1. download real temp and don't use speed fan to read temps its for telling you how fast your fans are running (set the setting called TJ max to 95)
2. Real temp will tell you how hot things are when idle also run it in the background when running prime 95 to determin your top temperatures
3. add as many fans as you want, the more you have the cooler things will be but it will be noisier.
4. overclocking will make things hotter so if you want your system to be cool and overclock it then you will have to add more fans or don't overclock it and keep it as it is.
6. 60 degrees is okj for that graphics card although more fans will cool it better.


----------



## nurr (Aug 21, 2009)

greenbrucelee said:


> 1. download real temp and don't use speed fan to read temps its for telling you how fast your fans are running (set the setting called TJ max to 95)
> 2. Real temp will tell you how hot things are when idle also run it in the background when running prime 95 to determin your top temperatures
> 3. add as many fans as you want, the more you have the cooler things will be but it will be noisier.
> 4. overclocking will make things hotter so if you want your system to be cool and overclock it then you will have to add more fans or don't overclock it and keep it as it is.
> 6. 60 degrees is okj for that graphics card although more fans will cool it better.



*
EDIT:

You should probably read my stats again.

that program doesn't support my processor :\*

I'll take your advice. Thanks for giving some to me!
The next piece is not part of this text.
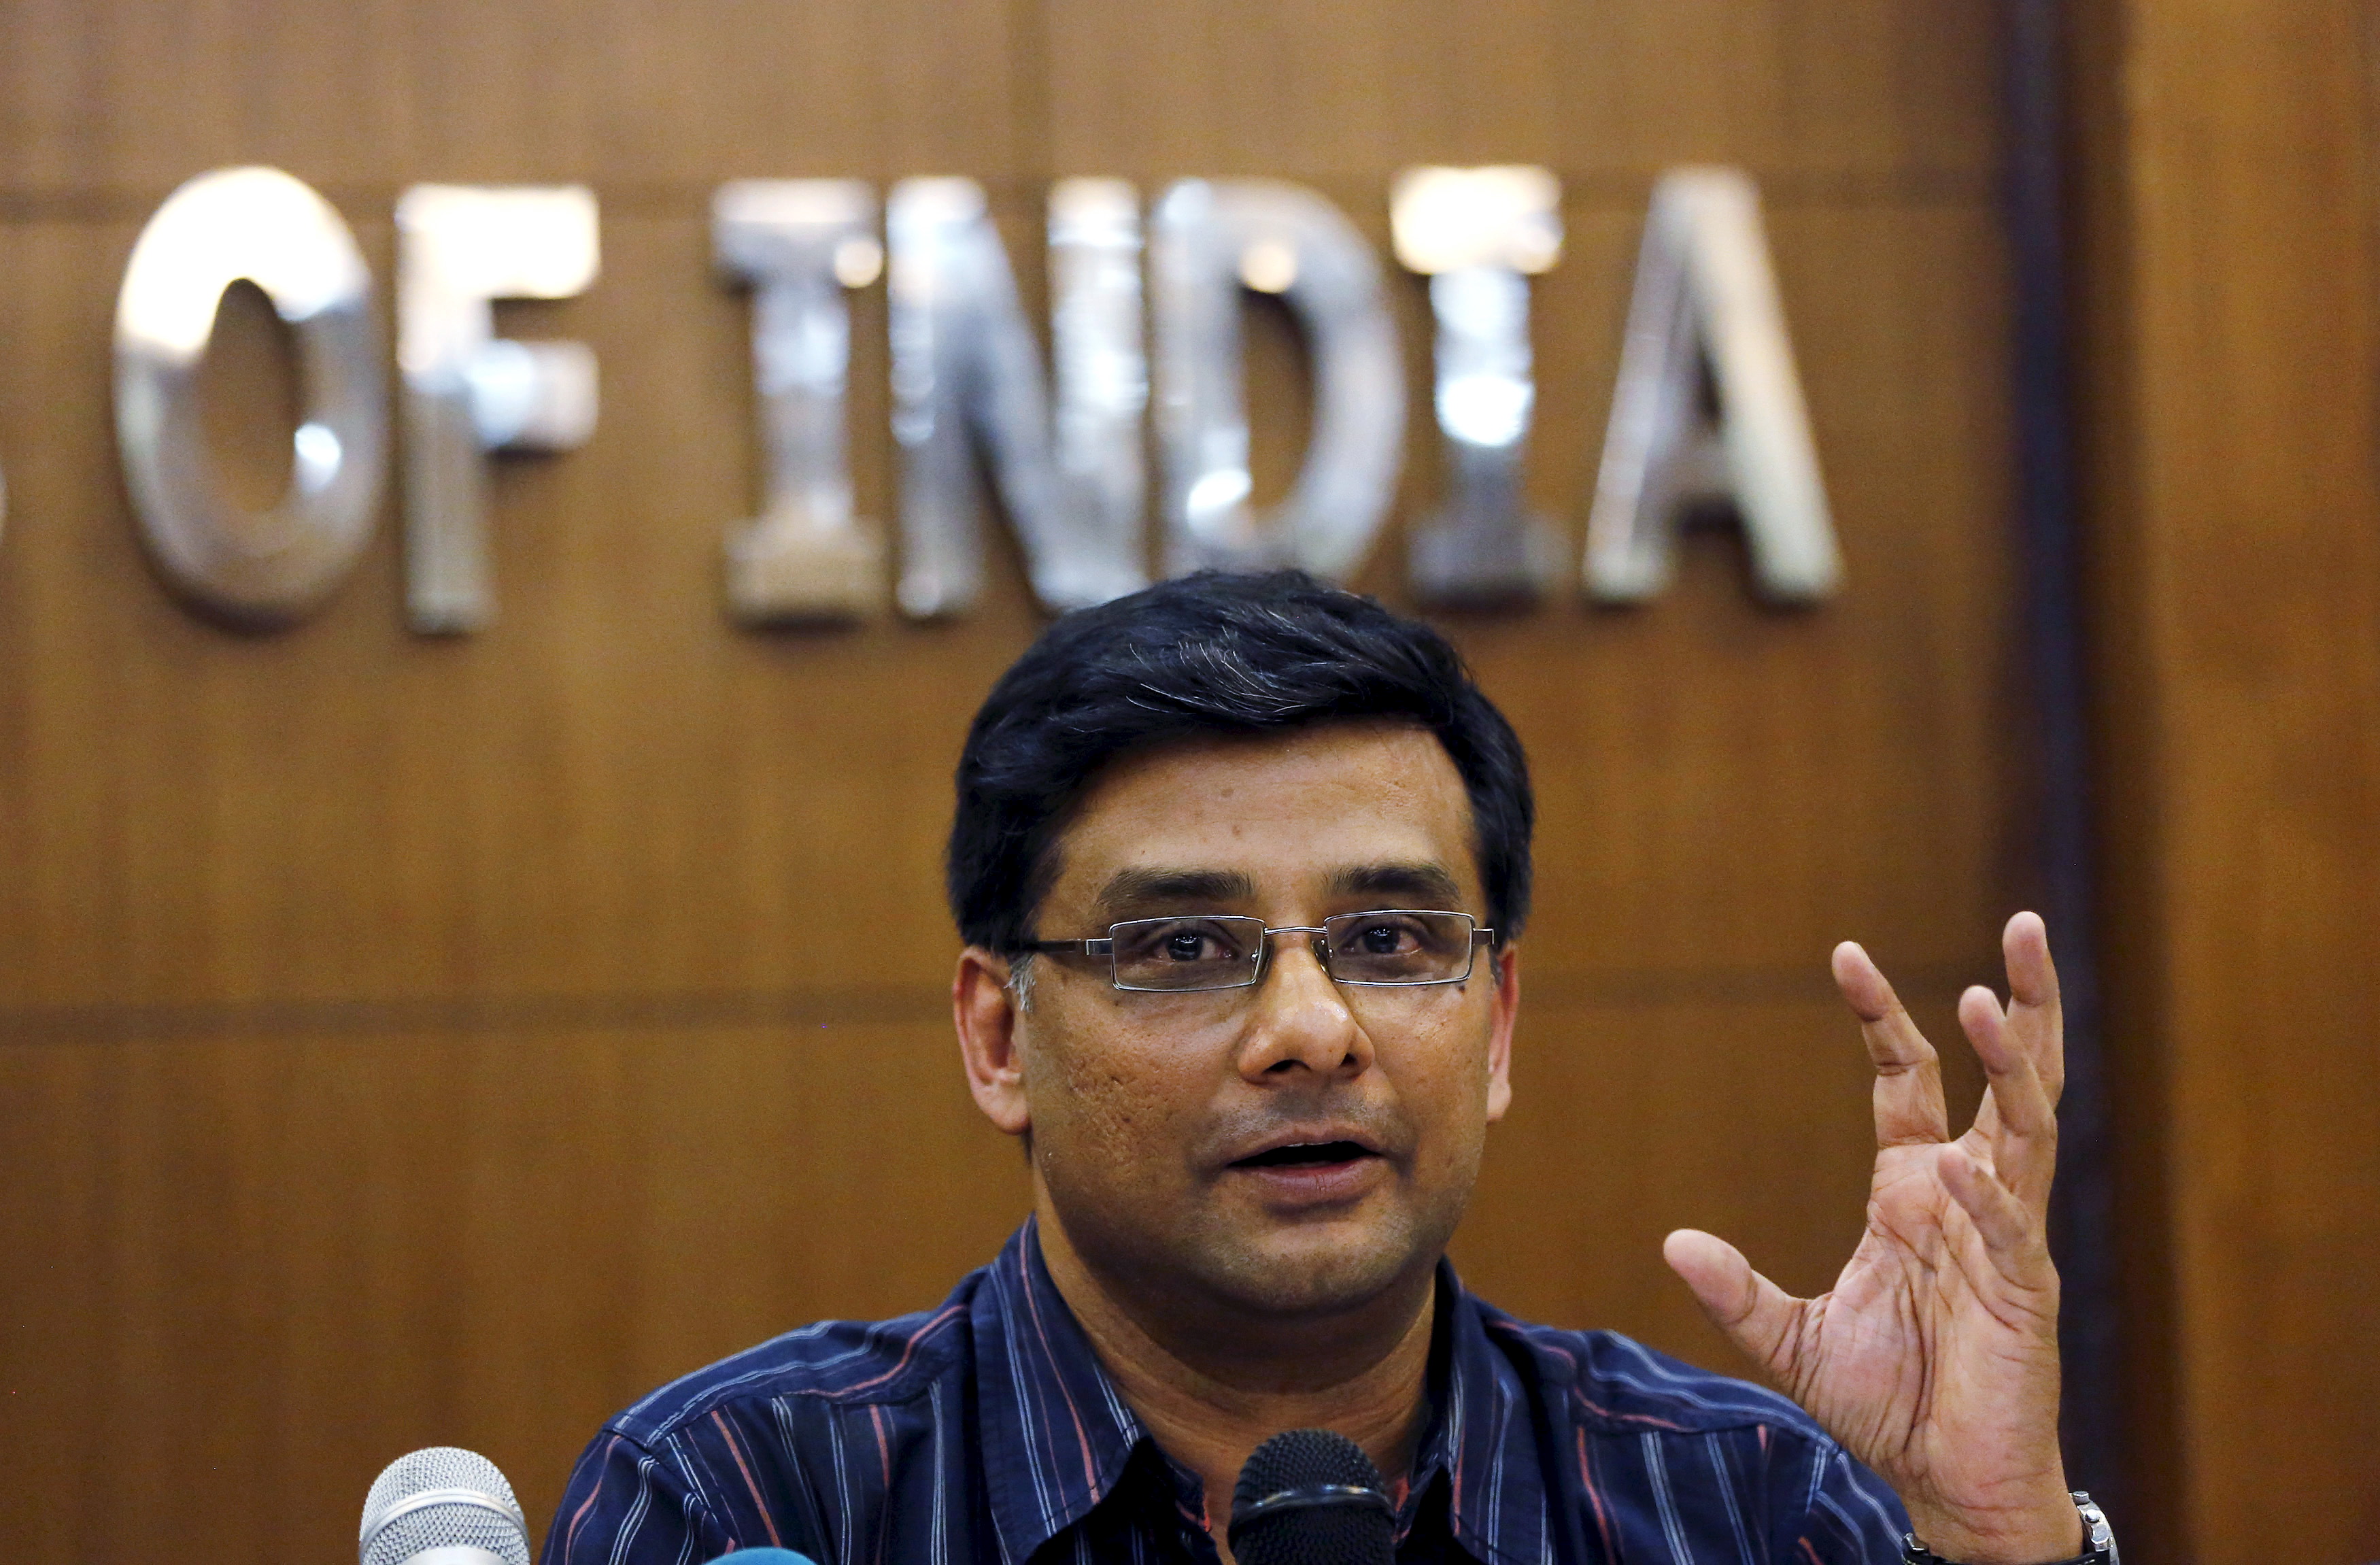 Samit Aich, executive director of Greenpeace India, gestures as he addresses the media during a news conference in New Delhi, India, May 21, 2015 (Adnan Abidi—Reuters)

I'm good at replacing and adding hardware and some minor bits of software but I'm still a noob ;P

Will add that program now!


----------



## Phædrus241 (Mar 28, 2009)

Those temperatures are fine, even if SpeedFan is off by 10C (which it can be sometimes).


----------



## greenbrucelee (Apr 24, 2007)

well get core temp then although I never knew real temp only works on Intel CPUs


----------